In Islamic countries, Muslims relied on Jews and Christians as their suppliers. And in Europe, Jews produced distilled liquor, wine and beer. Indeed, as she points out, Belorussian Jews in the 19th-century Russian empire owned between one-third and two-thirds of the distilleries, and in Poland, the Jewish tavern keeper was a recurring figure in local literature.
“When Jewish immigrants took up alcohol entrepreneurship in the United States, they forged a powerful link between their past and their present,” Davis says.
In 19th-century America, the alcohol industry grew spectacularly. “Alcohol was the nation’s fifth-largest industry at the turn of the century, contributing one-third of the tax revenue in federal coffers.”
Jews were among the Americans who availed themselves of the opportunities presented by this burgeoning industry. “American Jews engaged [in] the trade visibly and vigorously.”
For Jewish producers, distributors and purveyors, alcohol commerce represented both a connection with their past and a means to improve the present, she writes. “Their pre-migrational familiarity with the processes of production and distribution dovetailed with the structure of the American alcohol trade, creating opportunities for aspiring entrepreneurs.”
According to Davis, the distilled liquor business and the whisky industry in particular, which had been the preserve of Scots-Irish distillers, proved most attractive to 19th-century Jewish immigrants.
Although a handful of Prussian Jews drifted into the beer industry, it was all but monopolized by Christians of German origin.
Like their counterparts in Germany, German American brewers branded their beer barrels with the brauerstern, the six-pointed hexagram, or Jewish Star, which attested to purity and balance.
Few Jews went into wine production, given American indifference toward wine. But Jews played a predominant role in the kosher-wine industry, which, like all sacramental brews, was exempted from the provisions of the Eighteenth Amendment.
Davis says that the earliest record of kosher-wine commerce in the United States dates back to 1848, when 42 casks arrived in New York City from Jerusalem. By the 1870s, most kosher wine consumed in the United States originated in central Europe, but a small share of this market was held by Benjamin Dreyfus, a Bavarian Jew who ran the largest and most technologically modern winery in California.
Jews, who usually consumed alcoholic beverages in a spirit of self-restraint, generally opposed the anti-alcohol movement as an unjust restriction on personal behaviour and commercial enterprise.
And as Davis observes, Jews were acutely aware of the fact that temperance movements were driven, in part at least, by a desire to “Christianize” America and reorganize its laws around Protestant values and morality. “Jews feared that if these movements were successful, their equal status, even their citizenship, could be in peril.”

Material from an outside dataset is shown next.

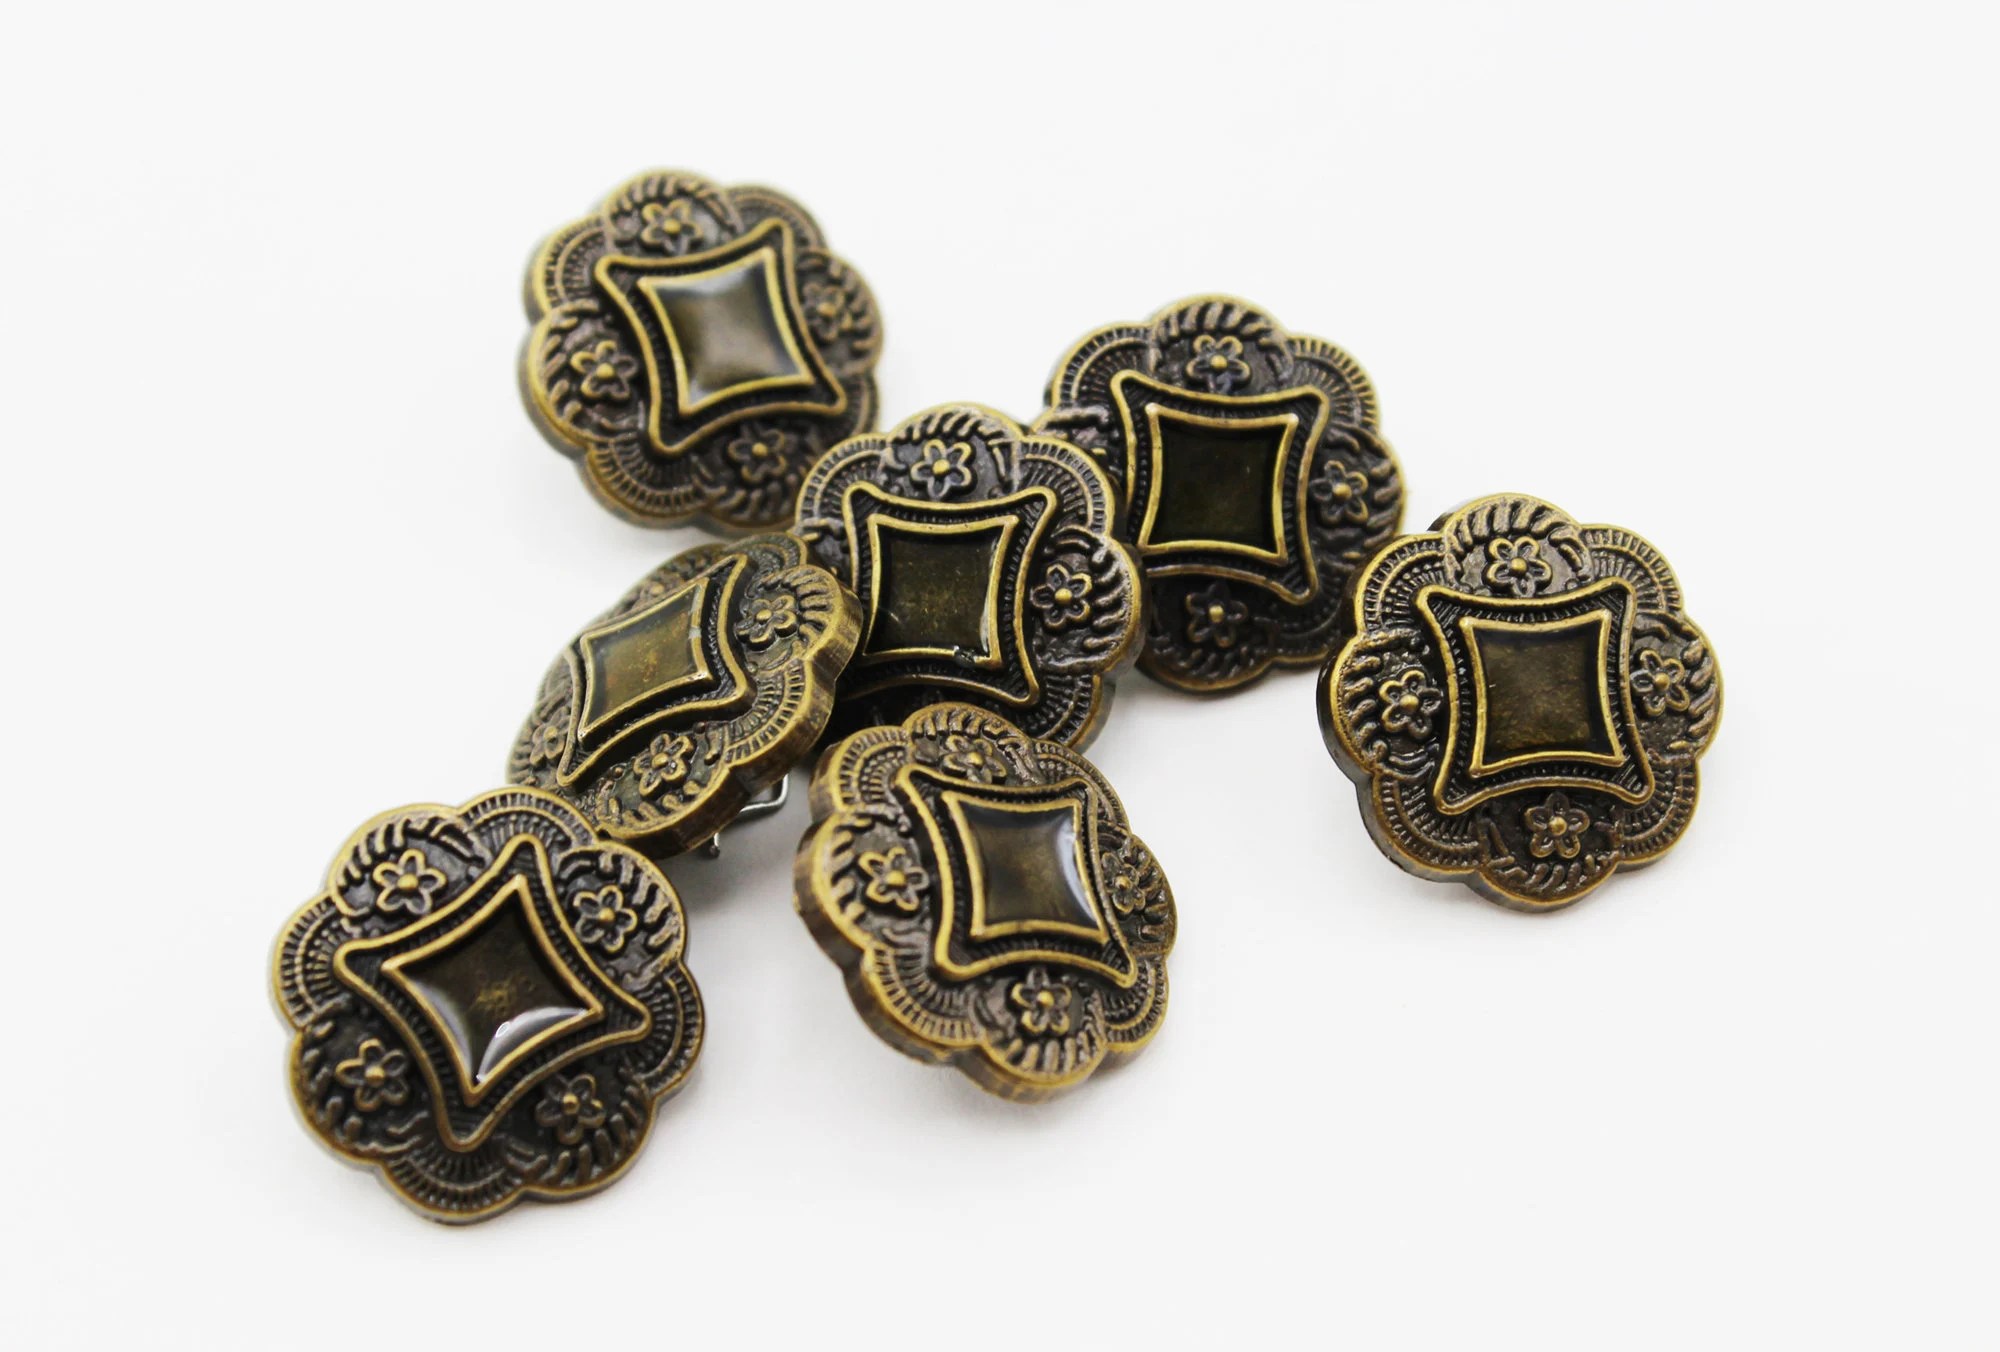 Fancy Bronze Colored Plastic Floral  3/4" (19mm) Round Shank Buttons - Set of 7 - Victorian / Edwardian Revival, Vintage
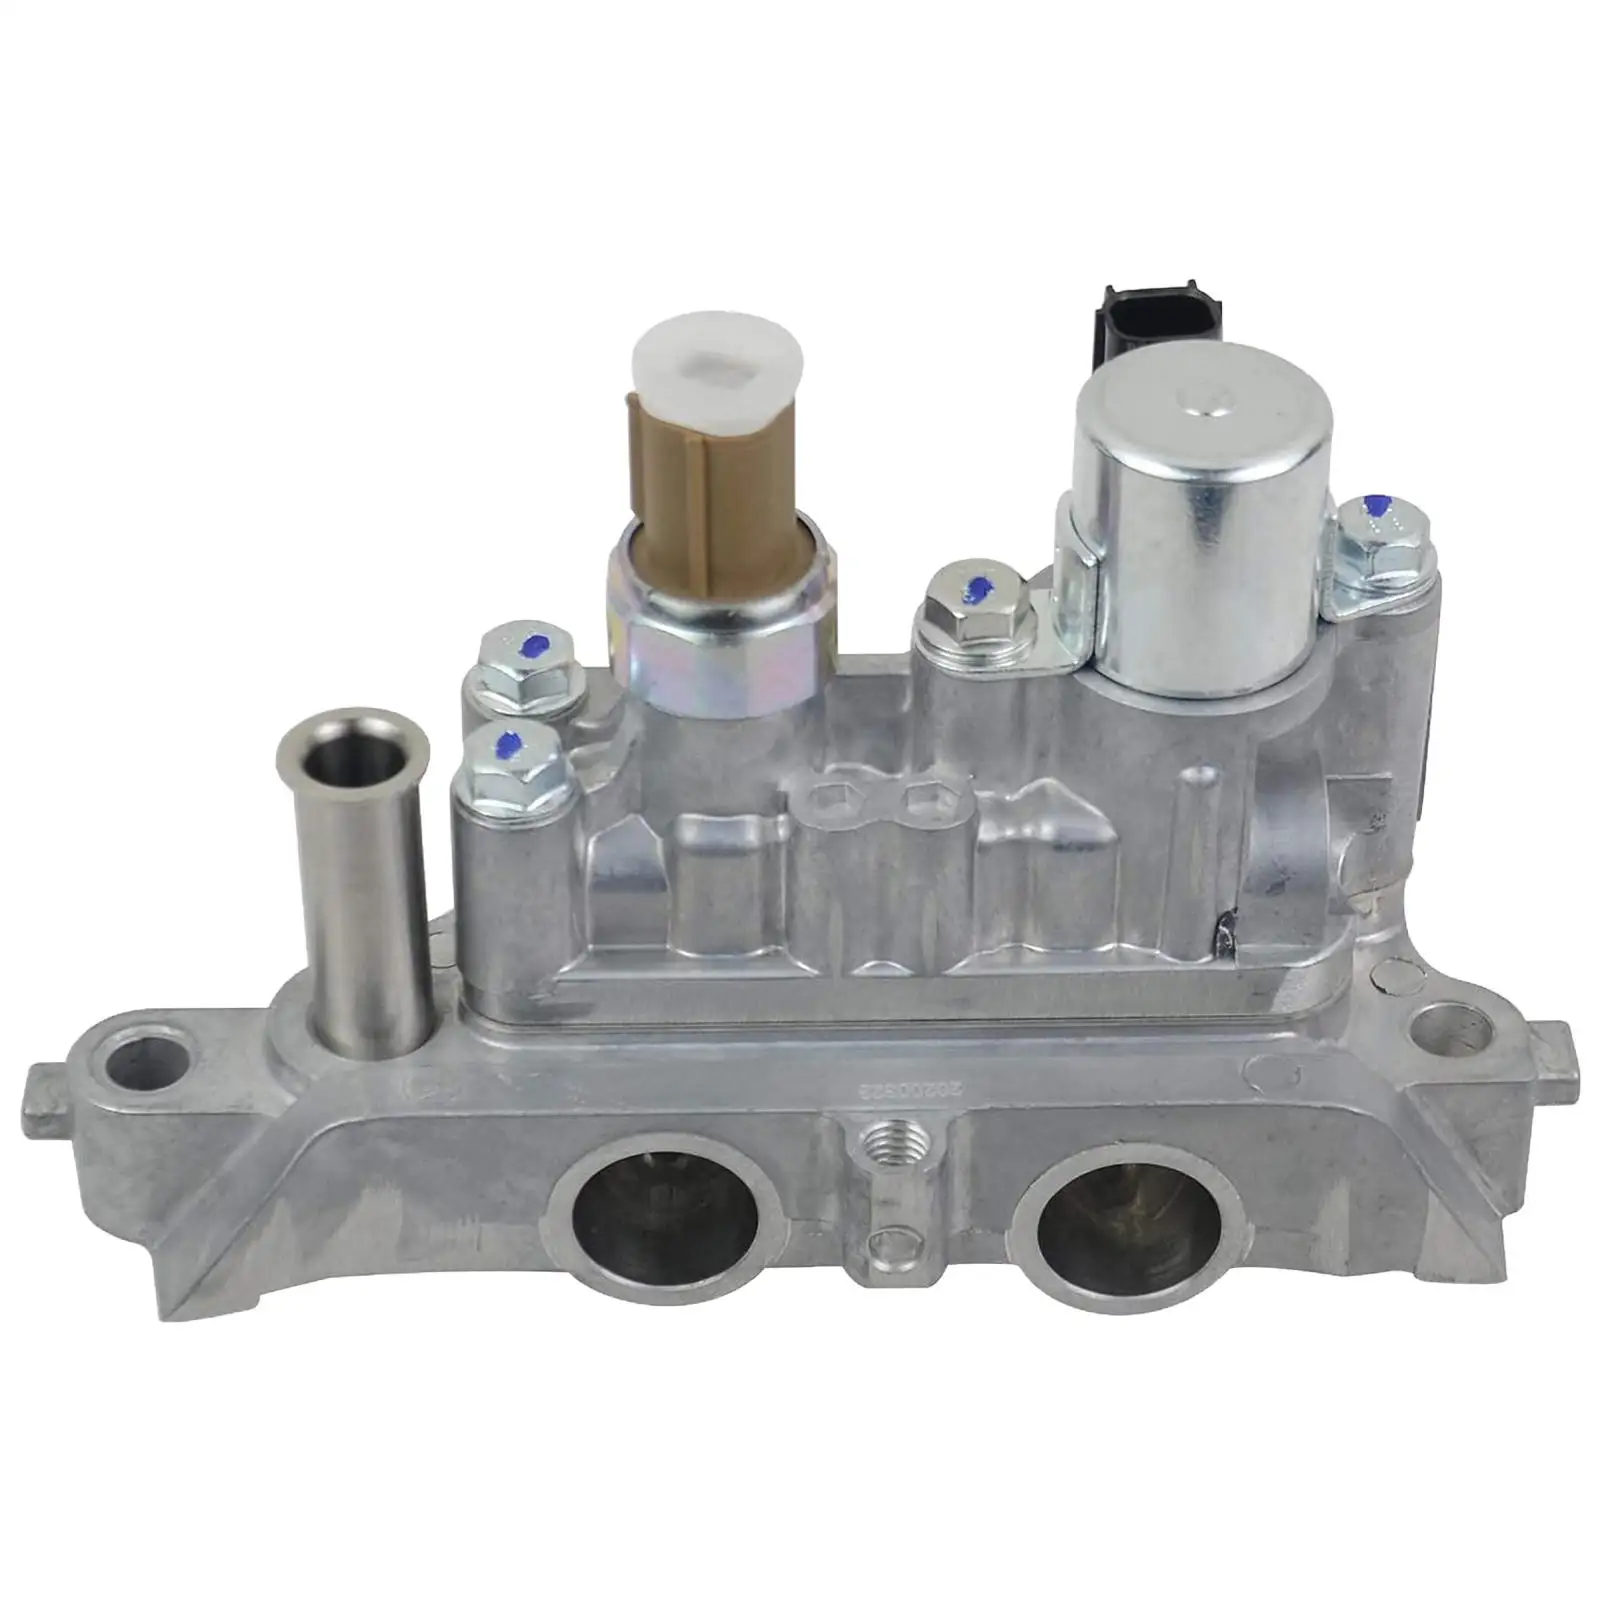 Auto Engine Oil Control Valve Automotive Valvetrain Interior Parts Mechanical Stability 15810-R70-A04 Fit for Acura RDX 13-15

Jews, too, were upset by the tendency of some prohibitionists to inject dollops of antisemitism into the debate.
Interestingly enough, German Americans were also in the forefront of opposing prohibition, regarding it as an ill-advised attempt “to inhibit their leisure practices” and attack their culture.
Prohibition, of course, spawned a thriving underground economy, and Jews participated in it as purveyors and customers. One survey of the illicit alcohol trade cited by Davis suggests that 50 per cent of the bootleggers were Jews, 25 percent Italian, around 10 per cent Irish and the rest mainly Polish and native-born Anglos.
Many bootleggers bought their wares from the Bronfman family of Montreal. When Canada passed prohibition legislation, the Bronfmans took advantage of a loophole in the law that allowed contraband liquor to be sold for “medicinal purposes.”
When prohibition ended, Jews were among those who flocked into the revived industry. Samuel Bronfman, the patriarch of the Bronfman clan, hit the ground running, moving his corporate headquarters to New York City.
With Jewish occupational trends shifting after World War II, American Jews gravitated toward white-collar professions. As a result, the proportion of Jews in the distilling industry dropped considerably.
In Jews and Booze, Davis tells this story resoundingly well.